Moriarty K P, Jacir N N, Harris B H, Latchaw L A, Robertson F M, Crombleholme T M
Division of Pediatric Surgery, Tufts University School of Medicine, Boston, MA, USA.
J Pediatr Surg. 1996 Jan;31(1):53-4; discussion 54-5. doi: 10.1016/s0022-3468(96)90318-8.

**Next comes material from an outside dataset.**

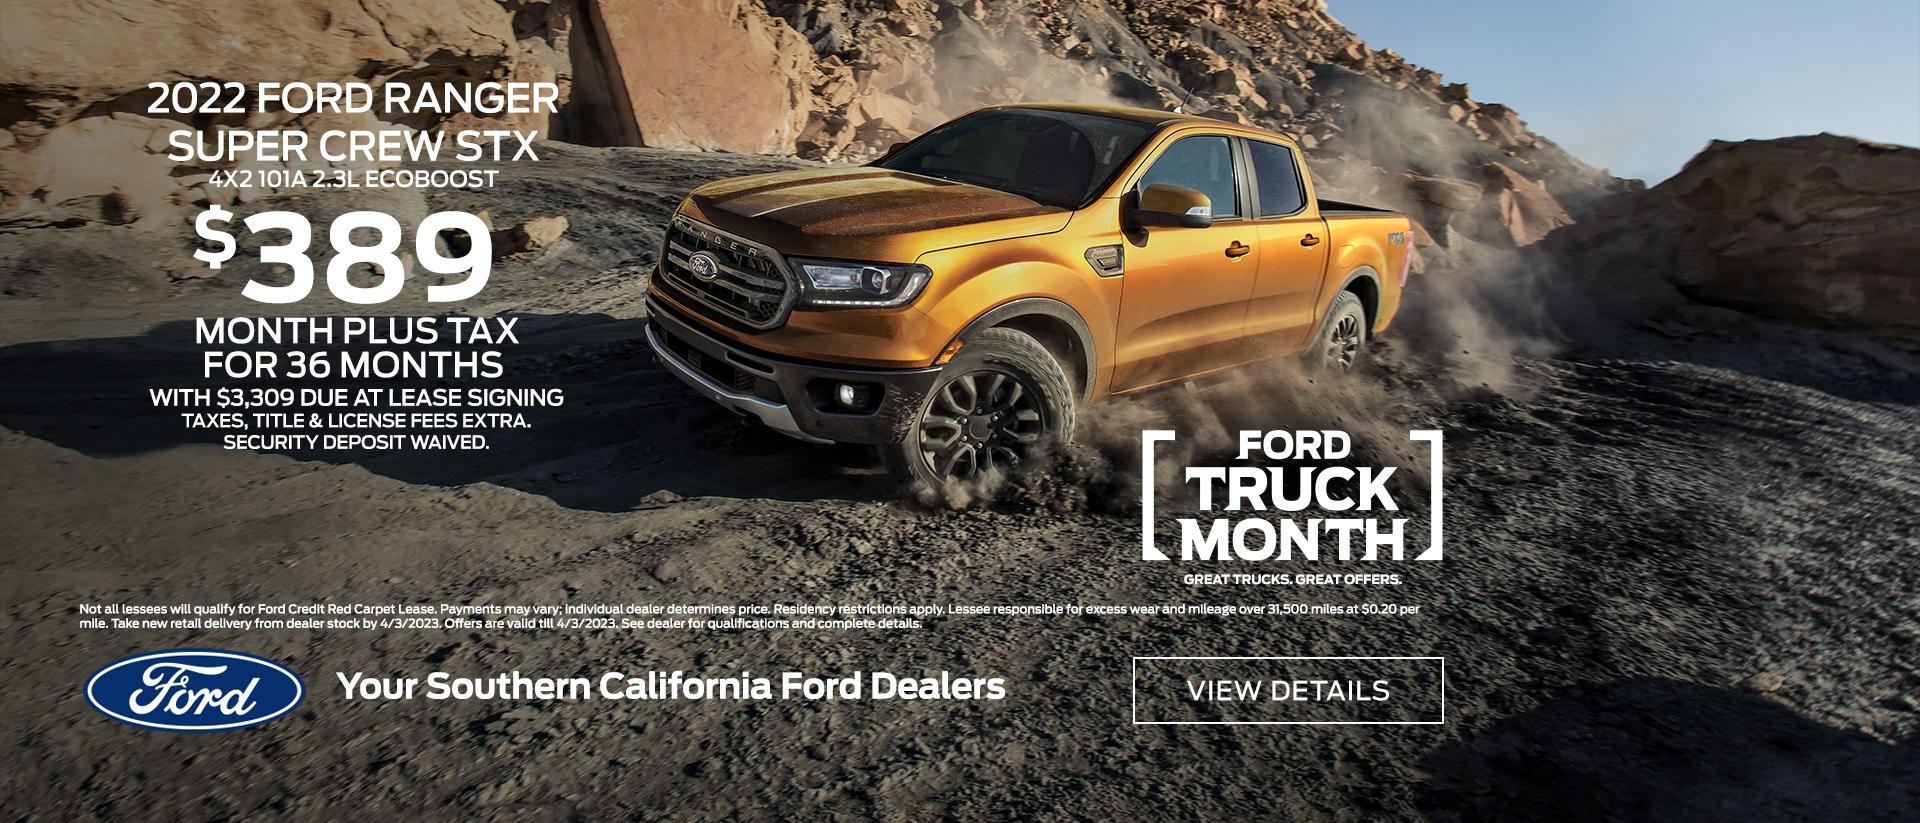 2022 Ford Ranger Lease Offer | Southern California Ford Dealers

To avoid the need for a gastrostomy and parenteral nutrition during the 7- to 10-day healing period after esophageal anastomosis, the authors modified their technique for esophageal atresia repair to include placement of a transanastomotic feeding tube. A SILASTIC transanastomotic feeding tube and early enteral nutrition was used for 19 of 23 consecutively treated patients after repair of esophageal atresia and tracheoesophageal fistula. One of the 19 patients had recurrent fistula and another had an anastomotic leak. Five patients had significant gastroesophageal reflux (noted on barium esophagram), and four had strictures that required dilatation. Parenteral nutrition was necessary for only two patients. The authors conclude that transanastomotic feeding tubes and early enteral nutrition are safe and effective, reduce costs, and do not appear to increase the incidence of anastomotic leaks, strictures, or gastroesophageal reflux.
为避免在食管吻合术后7至10天的愈合期进行胃造口术和肠外营养,作者改进了食管闭锁修复技术,包括放置经吻合口喂养管。23例连续接受食管闭锁和食管气管瘘修复治疗的患者中,19例使用了硅橡胶经吻合口喂养管并进行了早期肠内营养。19例患者中有1例出现复发性瘘管,另1例出现吻合口漏。5例患者有明显的胃食管反流(钡剂食管造影显示),4例有需要扩张的狭窄。仅2例患者需要肠外营养。作者得出结论,经吻合口喂养管和早期肠内营养是安全有效的,可降低成本,且似乎不会增加吻合口漏、狭窄或胃食管反流的发生率。